I gave myself a deadline of today to decide whether or not I'd continue with my Czech A4 learning schedule as planned. It's not so much a schedule (there are not really deadlines) as a big spreadsheet with lots of check boxes.
<ranty tangent about programming>
In other news, a while ago now I discovered conditional formatting in google sheets. I suppose it was only a matter of time until I discovered the IF and IFS functions and started writing nonsense strings of characters in my spreadsheets. It's so useful. I am probably reluctantly clinging to my ignorant non-programmer ways only because I know exactly how hard and painful the learning curve is gonna be. It is not going to be fun at all. Things like { } and ~ and | and < > and / \ can just stay away from me for a little while yet, but I am sure that someday, I'm going to cave in under this mighty pressure of, "auuuugh I wish I knew how to do x." And, you know, five years from then, after I've learned at least two programming languages (Danny says you have to learn multiple ones before you can really start to see the patterns in what applies to the language and what is universal to programming), watch out world.
But for the moment, I have other pursuits and projects and my self-confidence is still very fragile. I recently decided to wean my baby, which was definitely the right choice for my mental health. I've felt so much better since then - dramatically better. But it's not like lactation immediately ceases, so... I should be careful not to take on too many new projects too quickly.

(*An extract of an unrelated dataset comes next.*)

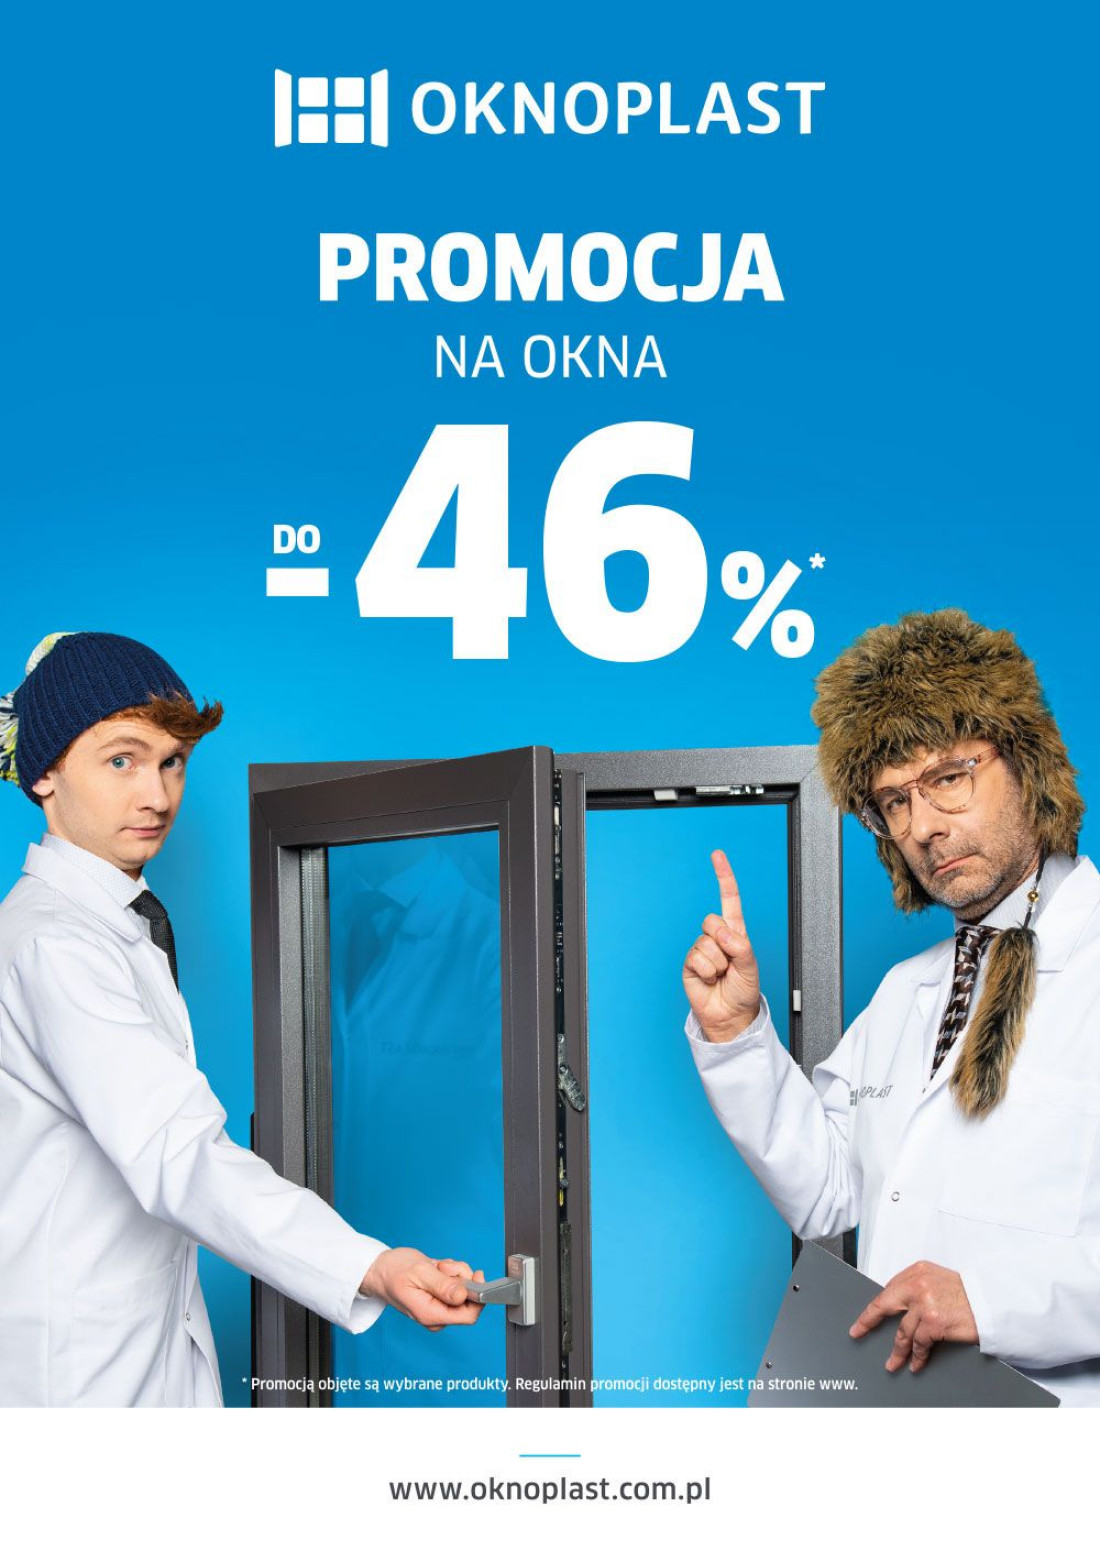 OKNOPLAST uruchamia promocję zimową - wybrane okna można kupić aż do 46% taniej!

Besides that, like I said, I know that learning how to write code is going to be difficult to me. I've had a few false starts on that trail (though I did get an A in that Java class in college - but it's allllllll forgotten, except things like sitting in the computer lab next to Nate, or the joy of seeing the stupid GUI work for the first time, or feeling very self conscious about being the only woman in my class..).
It's abstract. It's not intuitive. It is very logical, and I know that I struggle with organizing my thoughts that way. It takes me time and a lot of effort. My 8 year old son, of his own ambition, decided to learn python through Khan Academy. I'm still at the point where I can help him when he gets so frustrated he can't work his way through the tutorials ("Hmm. I think you need to call the variable inside the function. Try putting it there [points] instead." "Mom! You're the best!") but that is not going to last very long, and I know it.
</tangent>
I've been reading some very interesting academic articles about Second Language Acquisition. There's this big theory out there called the "input hypothesis" which basically is that SLA depends on the input being just a teeeeeeny tiny bit beyond your capacity. I have vague memories about learning about this in college, too. It's logical. There is also a lot of support of read-read-read-read-read-read-read-read-read for SLA. Just, read everything you can. That is not the current plan. The next version of my plan is going to look a lot different.

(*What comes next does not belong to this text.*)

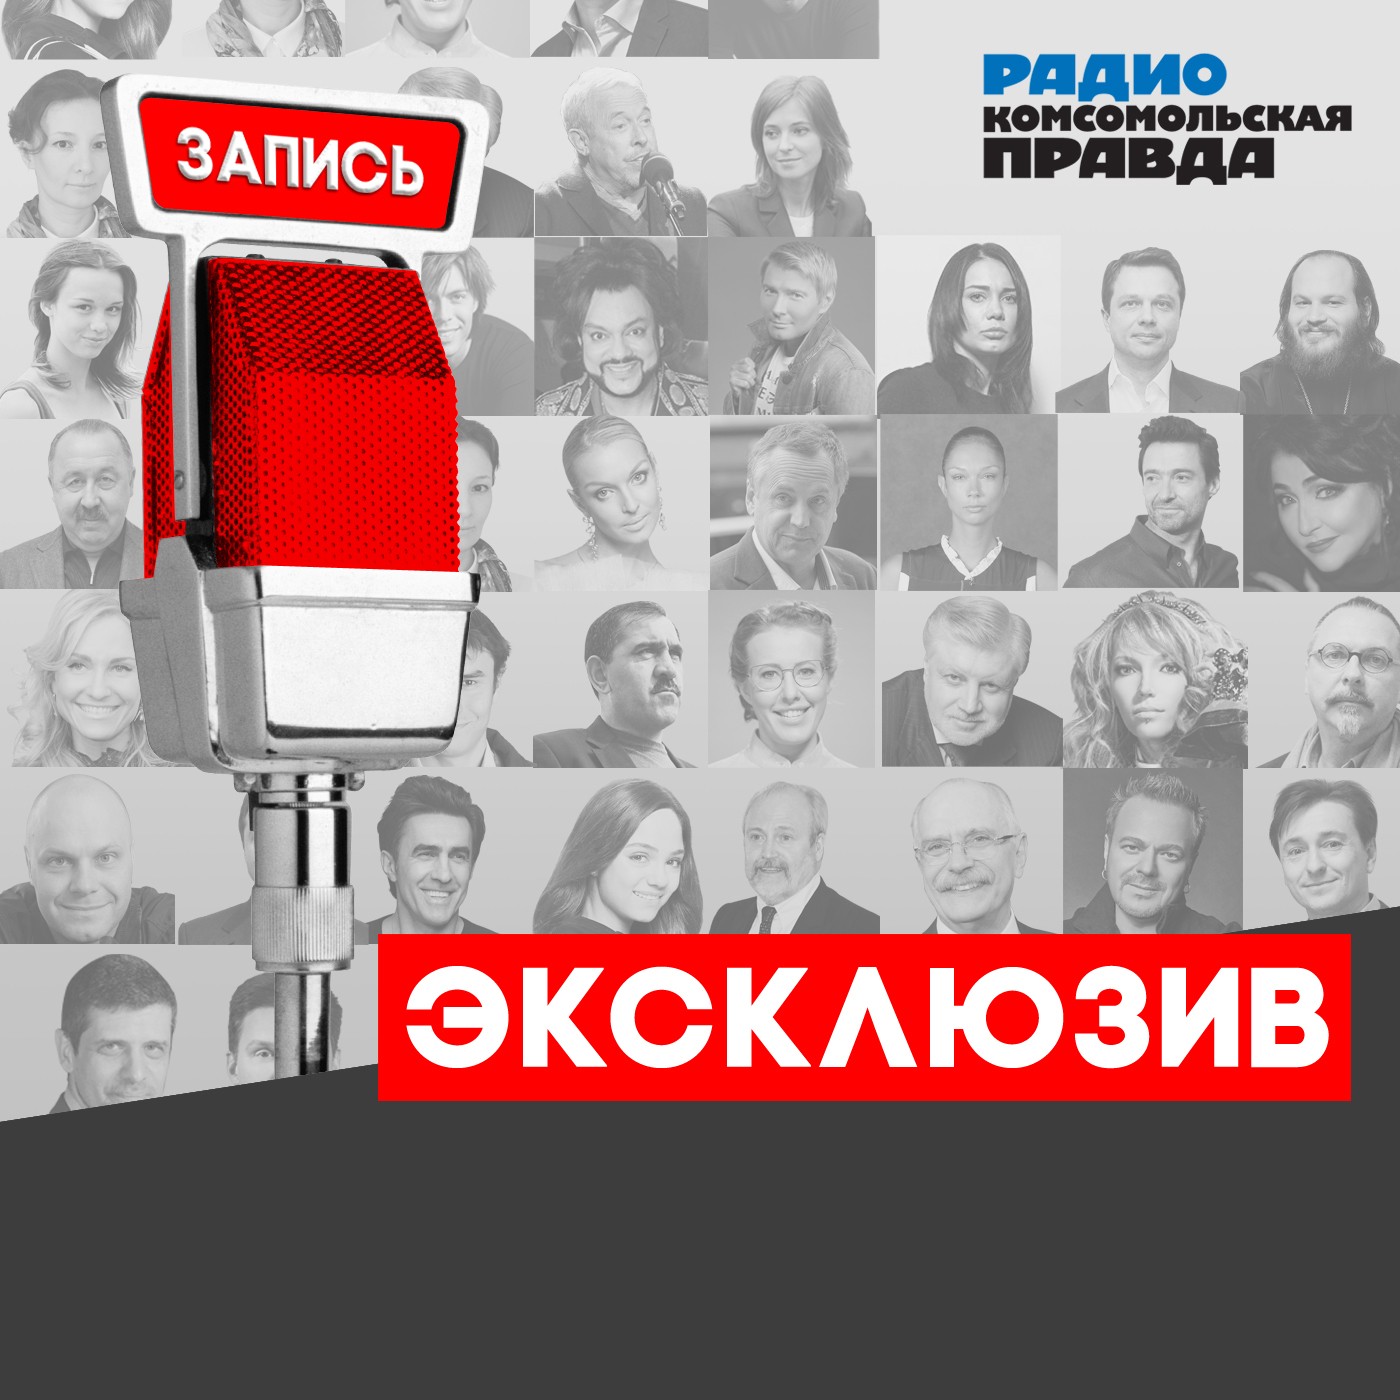 Радио «Комсомольская правда» Сергей Безруков: «Я из крестьянской семьи — привык работать, пахать»

I had been feeling really frustrated because the second that my emotional limitations felt like they were lifted from me, I found myself surrounded by some very real physical limitations. I have five children, it's summer, my mom was not around to watch them at all - my days have been completely consumed in childcare and housework. I don't hate it, and at the same time, I'm looking forward to September when school starts again.
I did what I could to try to work my way through my really ridiculous spreadsheet. I started with the tasks that were the easiest to do alone. Part of the problem is that even though emotionally I feel so much better, it's still really difficult to communicate with my Czech collaborators (almost all of whom I haven't spoken to in weeks). But this week, I finally managed to drop some of them a line and vaguely explain where I've been, ascribing it to a serious health problem. Mental health is still health, even though it feels so... much... not. Ughh.
Whatever kind of collaboration is in store for me this summer, it's almost certainly mostly going to be asynchronous. I mean, it's going to have to be (see point about having five children).
In the end, I decided that I'm not going to give up this plan, in spite of its flaws. I already modified it to be much, much fewer words/"unit". I just want to work my way through it. Maybe that's just because of pride, but I don't really care; I want to finish something I start, especially when it's something like this. When this is over, I will move on to A5, which I think is going to be a lot simpler in design, and involve a lot more reading and watching films or TV shows (which are shorter, which is an advantage).
If I could program, I would write a program that would automate finding the frequency of words in SkELL. I don't even care what kind of output it would be. Copy and pasting 120 values from a single table into a spreadsheet would be a cinch compared to looking up 120 different words and doing it one at a time.